3/26/2025 — ‘Unspeakable’: Ukraine breaks the silence surrounding wartime sexual violence

Growing numbers of Ukrainian women in areas recaptured from Russian occupation are starting to speak about the sexual violence they experienced at the hands of Russian soldiers. The watershed moment comes from the amplitude and nature of the crimes, says Inna Shevchenko, a Ukrainian feminist activist and author of “A Letter from the East”.  

From: France24 By: Sonya CIESNIK

Women hold signs reading “Only to fight means to live” and “Captivity kills, and so does silence and indifference” as relatives and friends of Ukrainian prisoners of war from the Azov Brigade attend a rally in central Kyiv on March 17, 2024.  © Genya Savilov, AFP

When Russian forces began their full-scale invasion of Ukraine in February 2022, the bodies of Ukrainian women became another battlefield. Early in the war, reports of torture, mock killings and forced deportations emerged. Yet accounts from survivors of sexual violence were much rarer, because of the silence and isolation of many of the victims.

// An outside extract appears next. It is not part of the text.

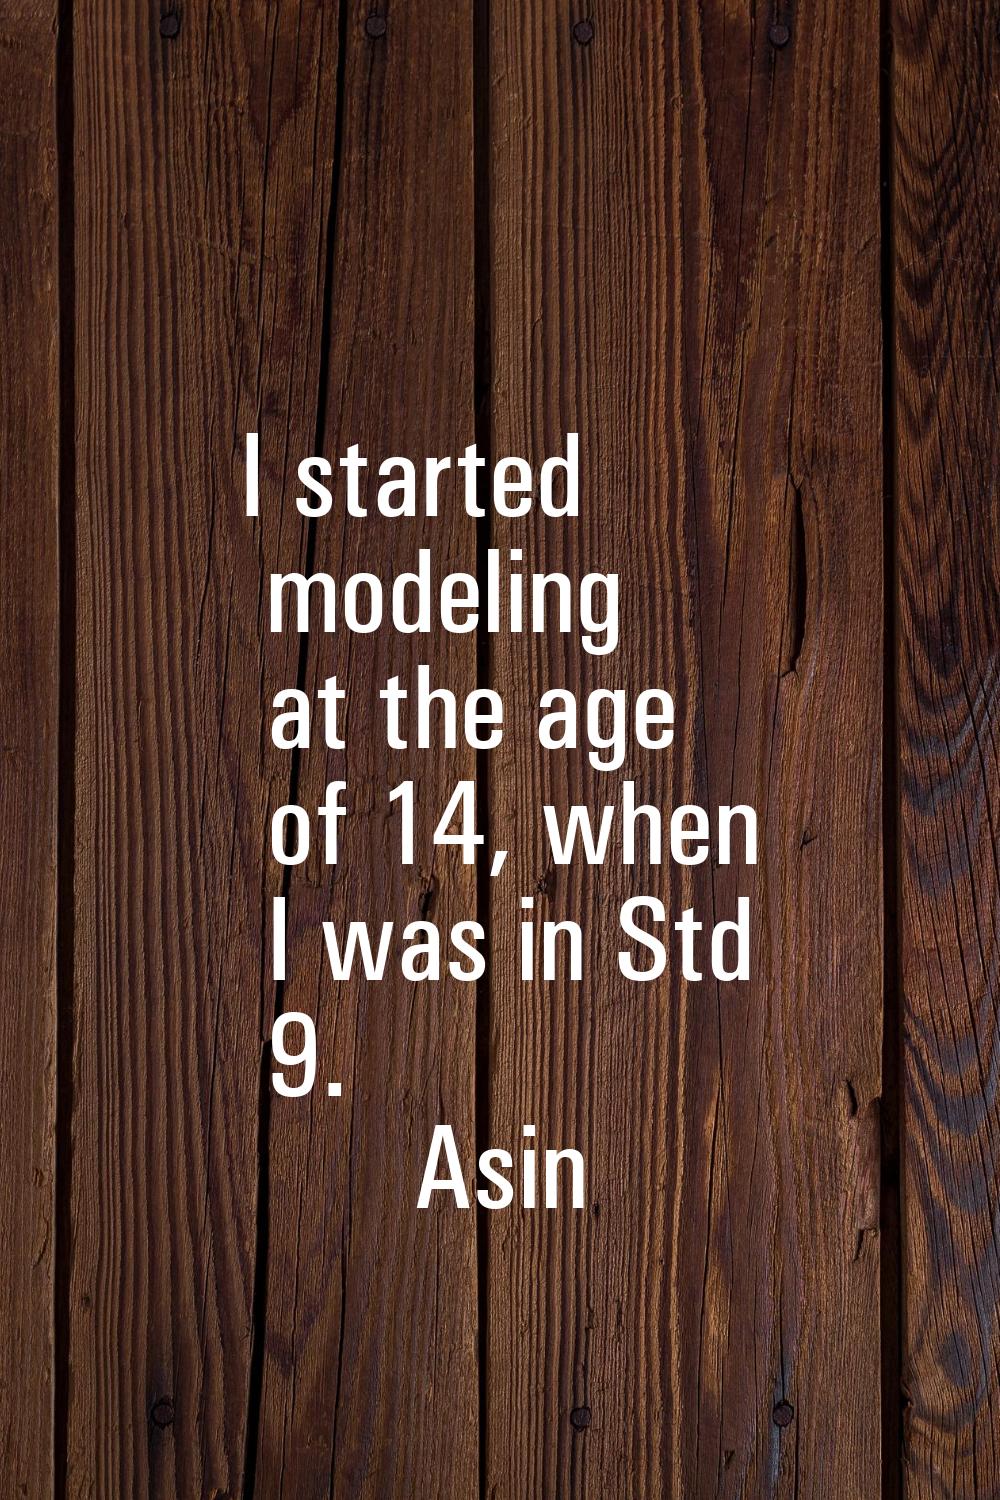 I started modeling at the age of 14, when I was in Std 9.
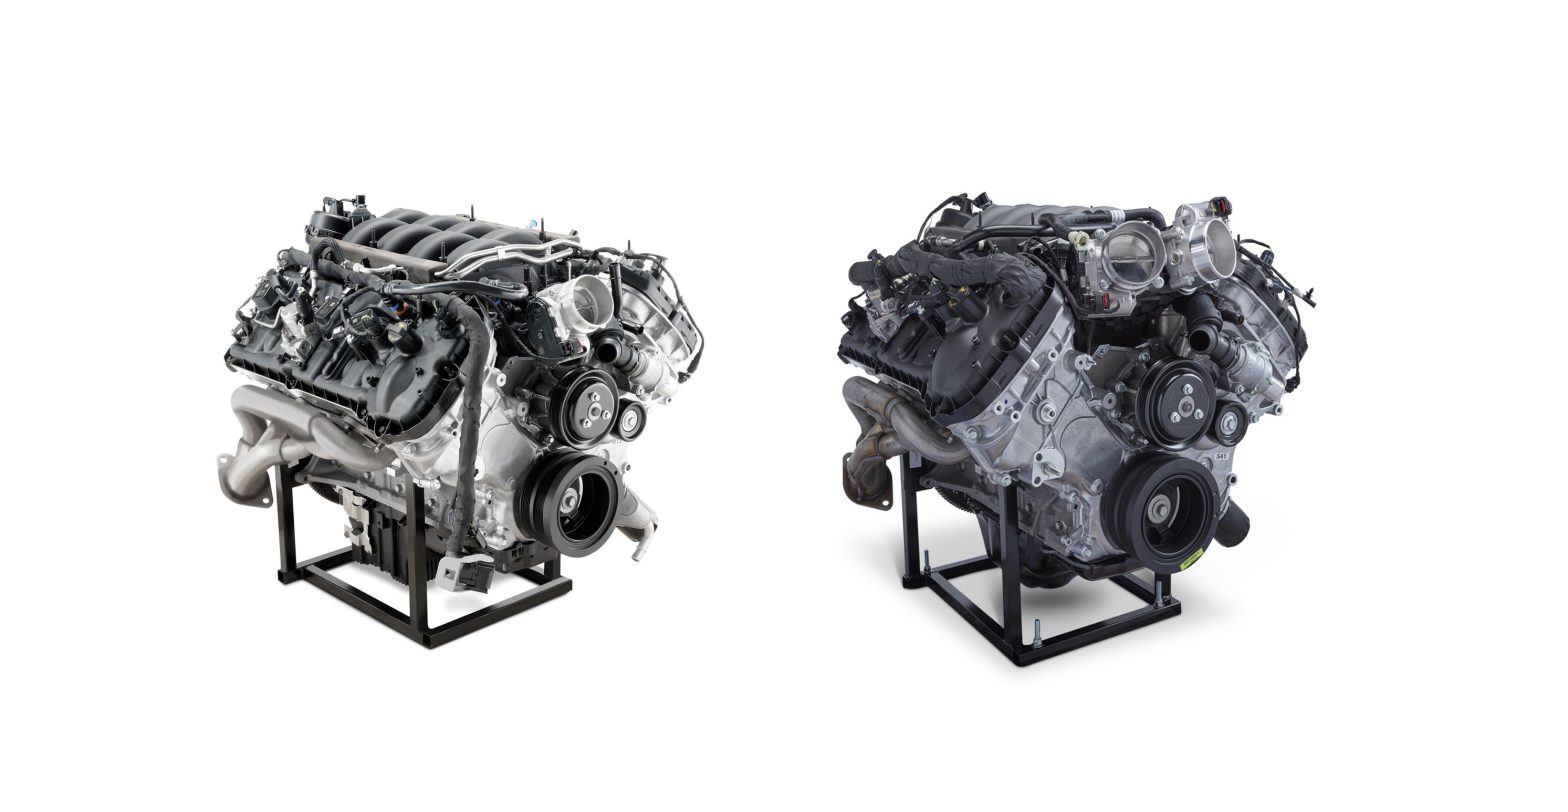 Ford Introduces V8 Crate Engine Option for New Mustang Model

The cases of sexual violence documented today in Ukraine took place in the areas that were temporarily occupied by Russia and are now liberated. While prosecutors have registered 344 cases of conflict-related sexual violence since the start of the invasion, women’s groups believe the real number runs in the thousands.

Inna Shevchenko, the author of “A Letter from the East”, spoke to numerous women who returned from Russian captivity and testified as to what they witnessed: widespread, repeated and targeted sexual violence – inflicted not just on civilian and military women but also on men.